Manipulation of matter at the nanometer-length scale to produce useful devices and materials. Scientific and engineering properties of nanoscale systems. Emphasis on development of new techniques.

MECH_ENG 390-0 Intro to Dynamic Systems (1 Unit)  

Modeling the dynamic behavior of physical systems. Concepts of causality, dependent and independent storages, and state. Introduction to bond graphs. Generation of state equations; analytical and computer simulation of system behavior. Application to problems of engineering interest.

Prerequisites: MECH_ENG 241-0; CIV_ENV 216-0; GEN_ENG 205-4.

MECH_ENG 395-0 Special Topics in Mechanical Engineering (1 Unit)  

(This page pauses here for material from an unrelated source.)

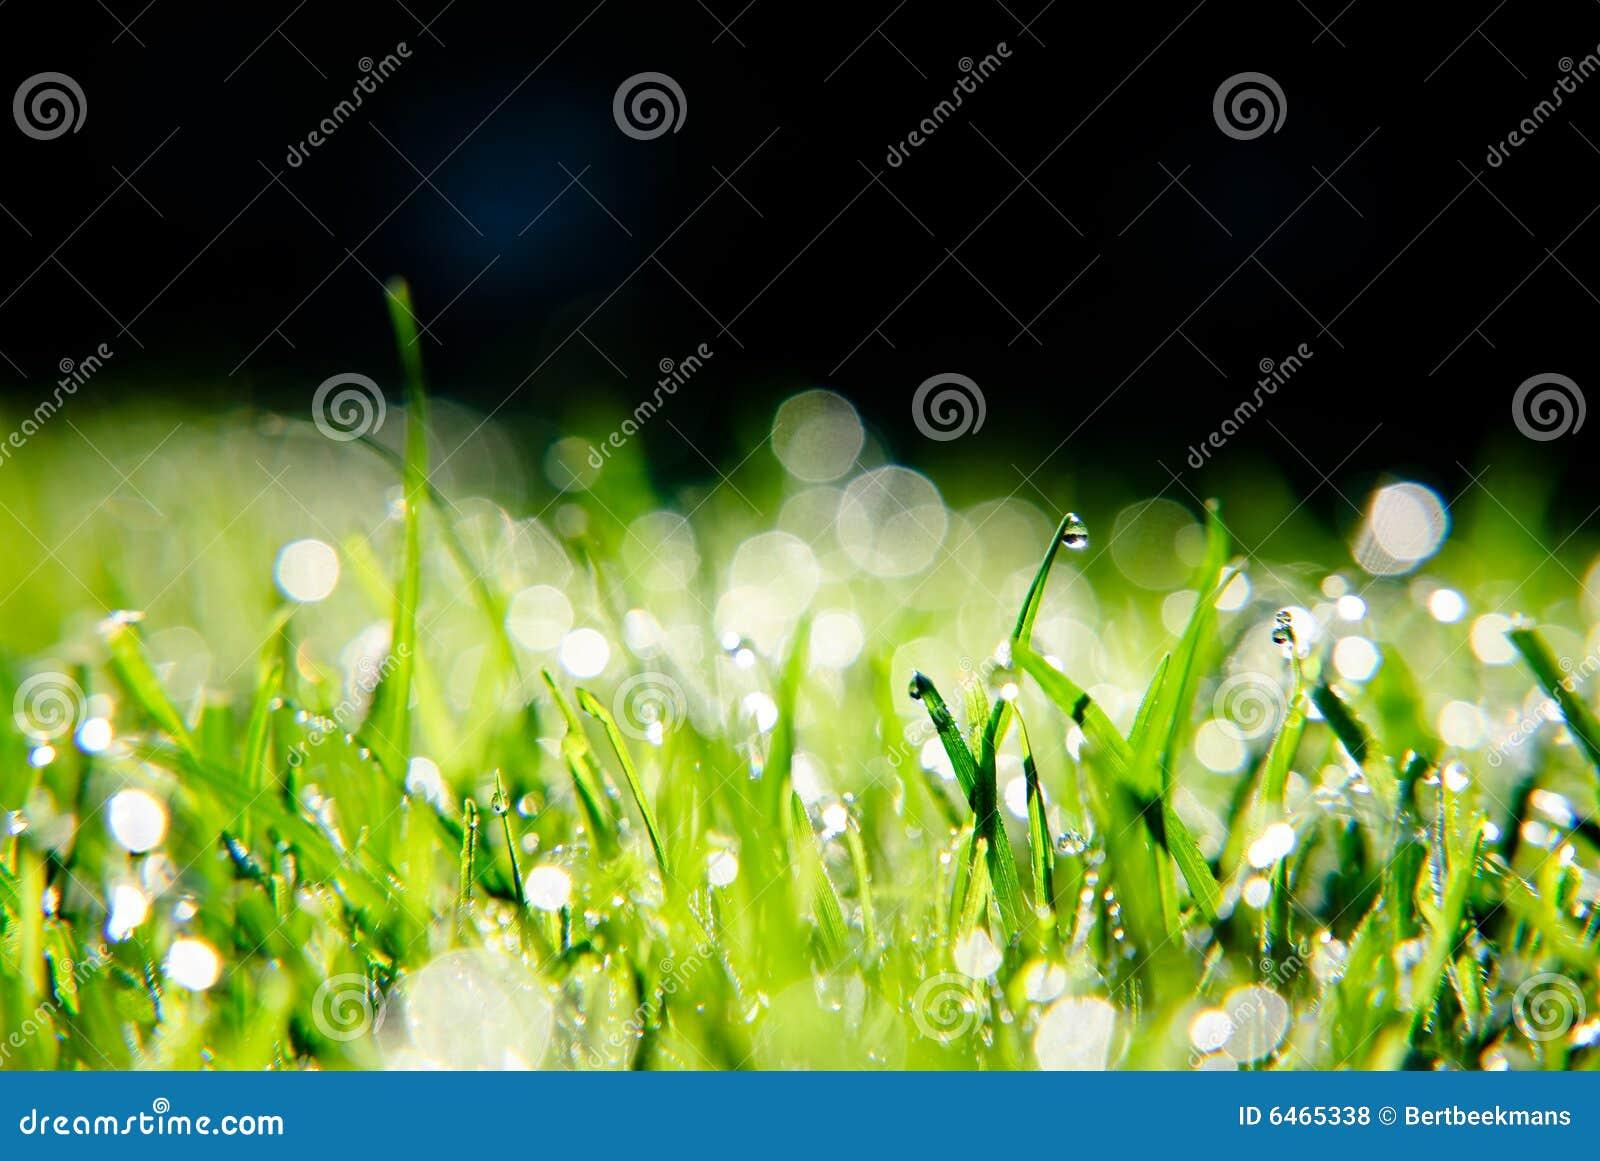 Rosa kropli trawy.

Topics suggested by students or faculty members and approved by the department.

MECH_ENG 398-1 Engineering Design I (1 Unit)   Experience in the creative process of design. Defining product specifications, developing and analyzing ideas, using CAD drawings, building physical prototypes, demonstrating feasibility, and achieving full alpha-level functionality. Prerequisite: senior standing or consent of department.

MECH_ENG 398-2 Engineering Design II (1 Unit)   Experience in the creative process of design. Defining product specifications, developing and analyzing ideas, using CAD drawings, building physical prototypes, demonstrating feasibility, and achieving full alpha-level functionality. Prerequisite: senior standing or consent of department.

MECH_ENG 399-0 Projects (1-3 Units)   Special studies to be done under faculty direction. Credit to be arranged.